Am 15.09.2011 16:19, schrieb Stefan Berger:
> On 09/15/2011 07:40 AM, Kevin Wolf wrote:
>> Am 15.09.2011 13:17, schrieb Stefan Hajnoczi:
>>> On Wed, Sep 14, 2011 at 6:05 PM, Stefan Berger
>>> <address@hidden>  wrote:
>>>>   One property of the blobstore is that it has a certain required size for
>>>> accommodating all blobs of device that want to store their blobs onto. The
>>>> assumption is that the size of these blobs is know a-priori to the writer 
>>>> of
>>>> the device code and all devices can register their space requirements with
>>>> the blobstore during device initialization. Then gathering all the
>>>> registered blobs' sizes plus knowing the overhead of the layout of the data
>>>> on the disk lets QEMU calculate the total required (minimum) size that the
>>>> image has to have to accommodate all blobs in a particular blobstore.
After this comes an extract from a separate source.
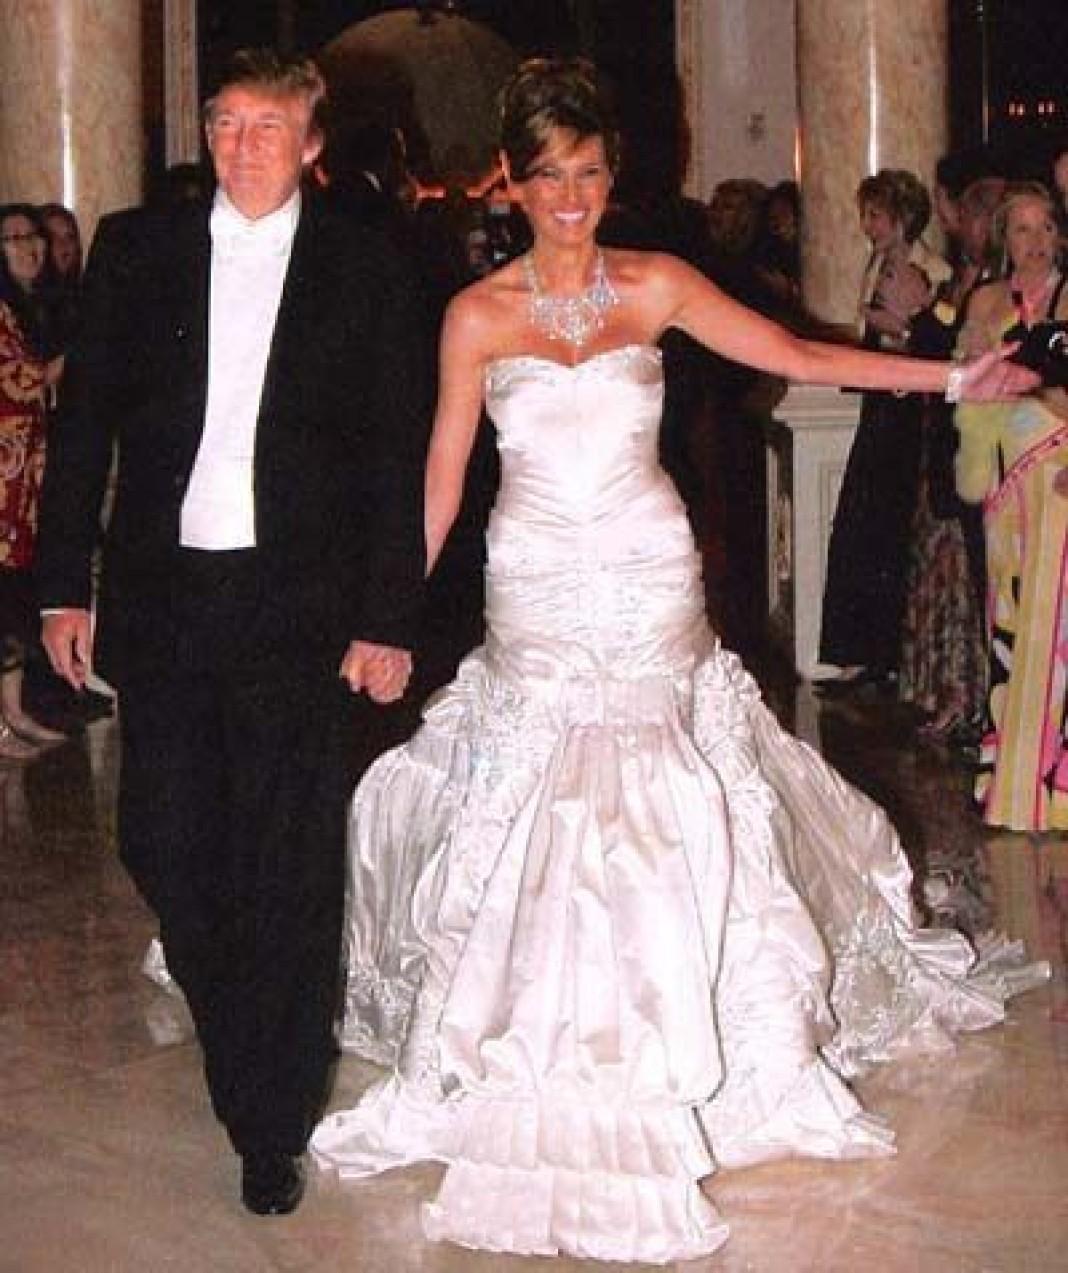 мелания трамп свадьба фото смотря

>>> Libraries like tdb or gdbm come to mind.  We should be careful not to
>>> reinvent cpio/tar or FAT :).
>> We could use vvfat if we need a FAT implementation. *duck*
>>
>>> What about live migration?  If each VM has a LUN assigned on a SAN
>>> then these qcow2 files add a new requirement for a shared file system.
>>>
>>> Perhaps it makes sense to include the blobstore in the VM state data
>>> instead?  If you take that approach then the blobstore will get
>>> snapshotted *into* the existing qcow2 images.  Then you don't need a
>>> shared file system for migration to work.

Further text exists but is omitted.